Good day to everyone. 
has anyone heard about this strain? is it good?
im specially interested from the quantity of yield point of view.
in the site of the seller they say that it can get up to 750gr per plant is it even possible?


----------



## THE BROTHER'S GRUNT (Oct 21, 2008)

*We smoked some grown outdoors before and yes it's some good smoke.
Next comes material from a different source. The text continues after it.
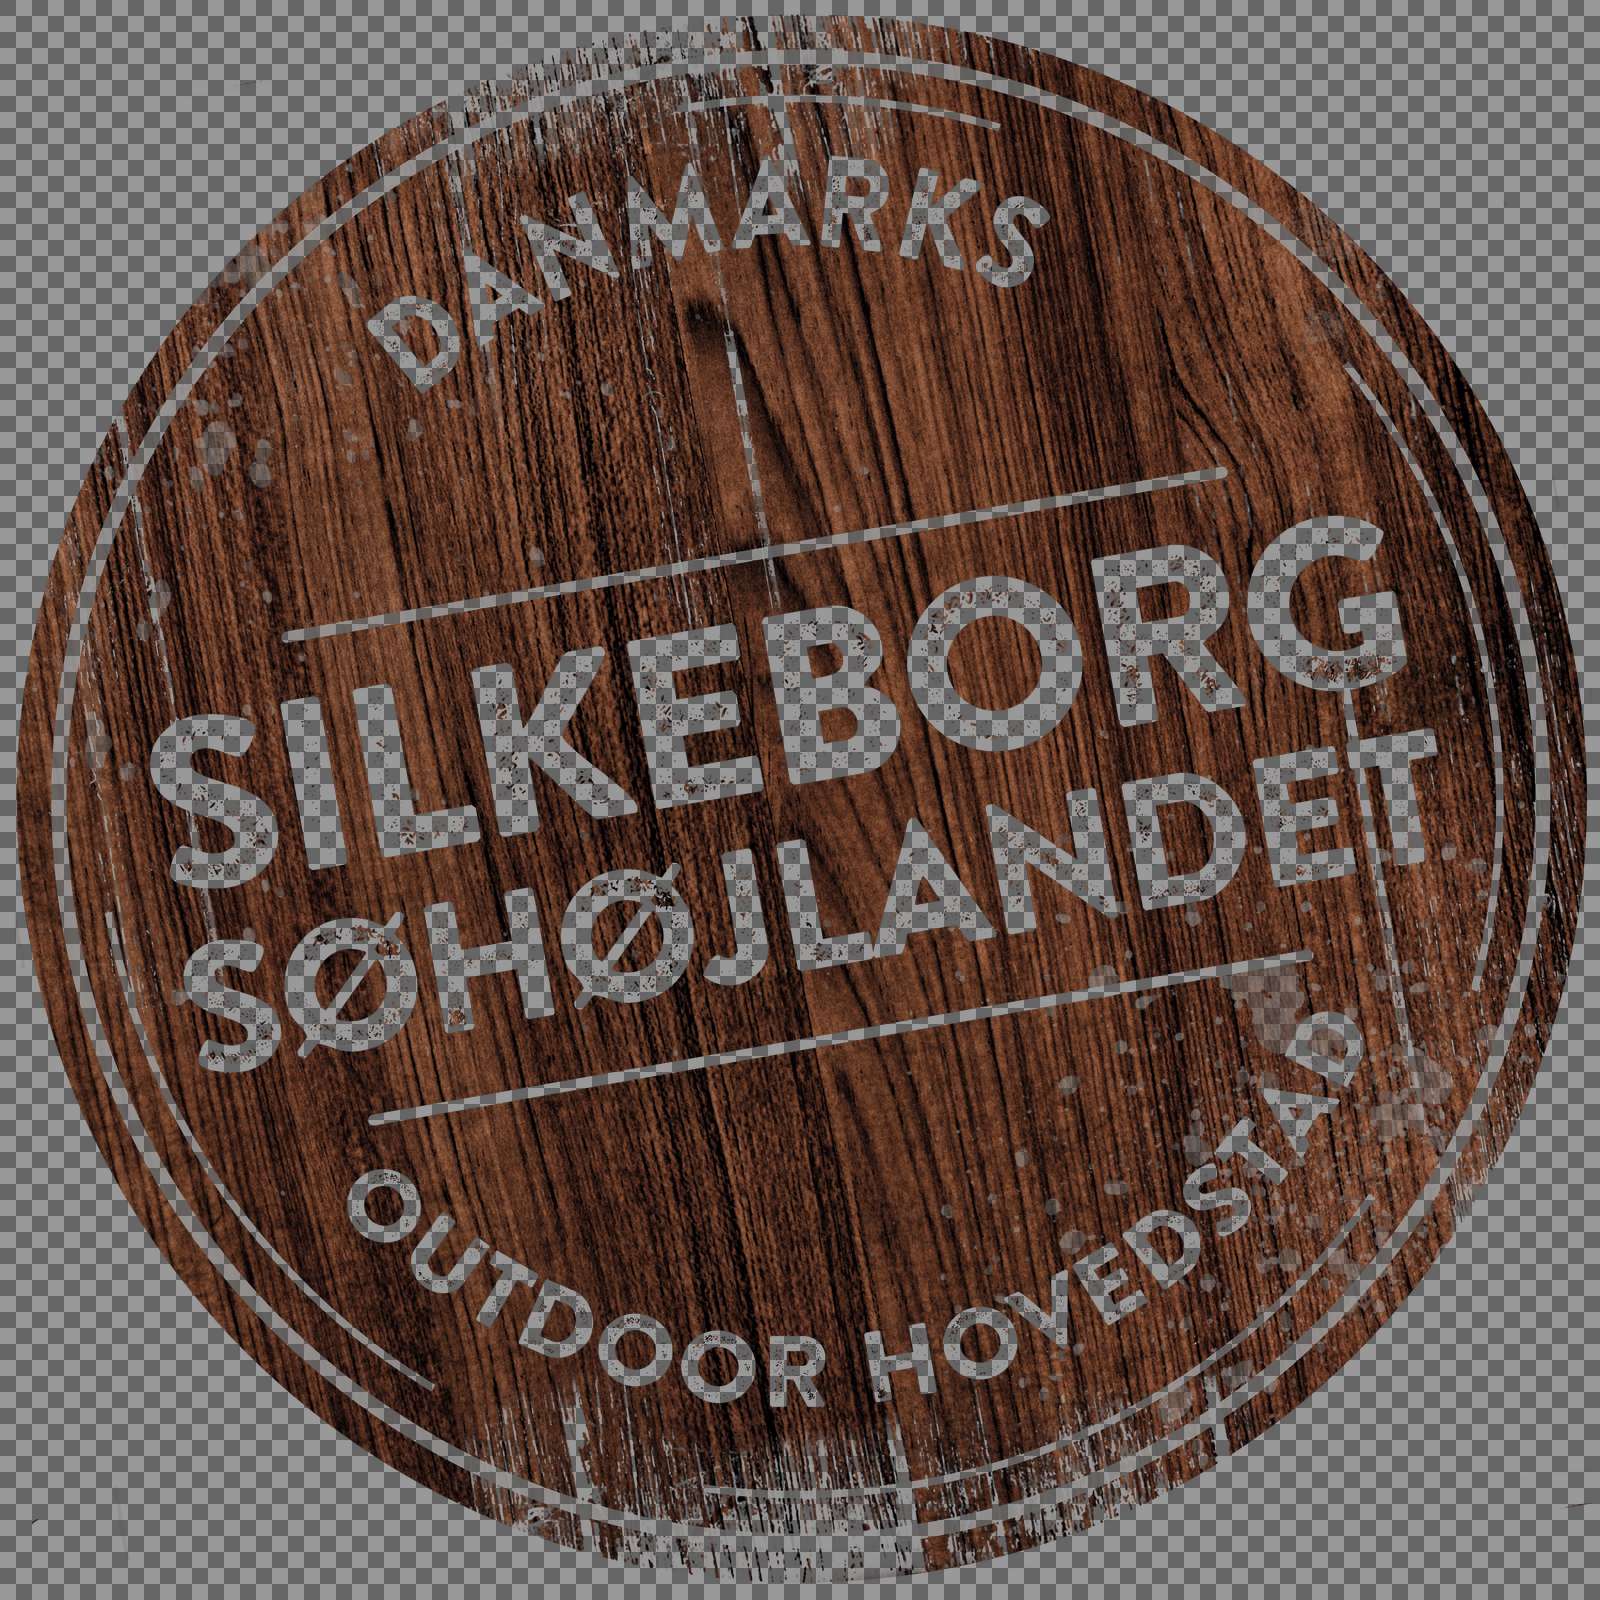 Silkeborg Søhøjlandet DK WOOD

As far as yields go i'm not sure but with the right conditions i'm sure you could get that from one plant. *


----------



## benevolence6gc (Oct 21, 2008)

Very good smoke but can't comment on anything else.


----------



## redrider (Oct 22, 2008)

hrrrm ok. what kind of equipment should i purchase if i want to grow indoors.
i want to grow 4 plants and i can afford a special room for them.
what kind of light is most suggested? do i need more then one bulb? is 400W enough or i better buy somthing bigger? any suggestion will help


----------



## Disco94 (Oct 22, 2008)

redrider said:
			
		

> hrrrm ok. what kind of equipment should i purchase if i want to grow indoors.
> i want to grow 4 plants and i can afford a special room for them.
> what kind of light is most suggested? do i need more then one bulb? is 400W enough or i better buy somthing bigger? any suggestion will help



If you can afford a decked-out extra room then GO BIG!   For people like me I just have to stick with growing under the bed...


----------



## Disco94 (Dec 15, 2008)

Know its a little old but I am smoking on some Juicy Fruit from CO right now.  It has the funkiest smell, kinda like a lemon disinfectant.  But man is it a greatly balanced high.  It's keep me up to study for finals


----------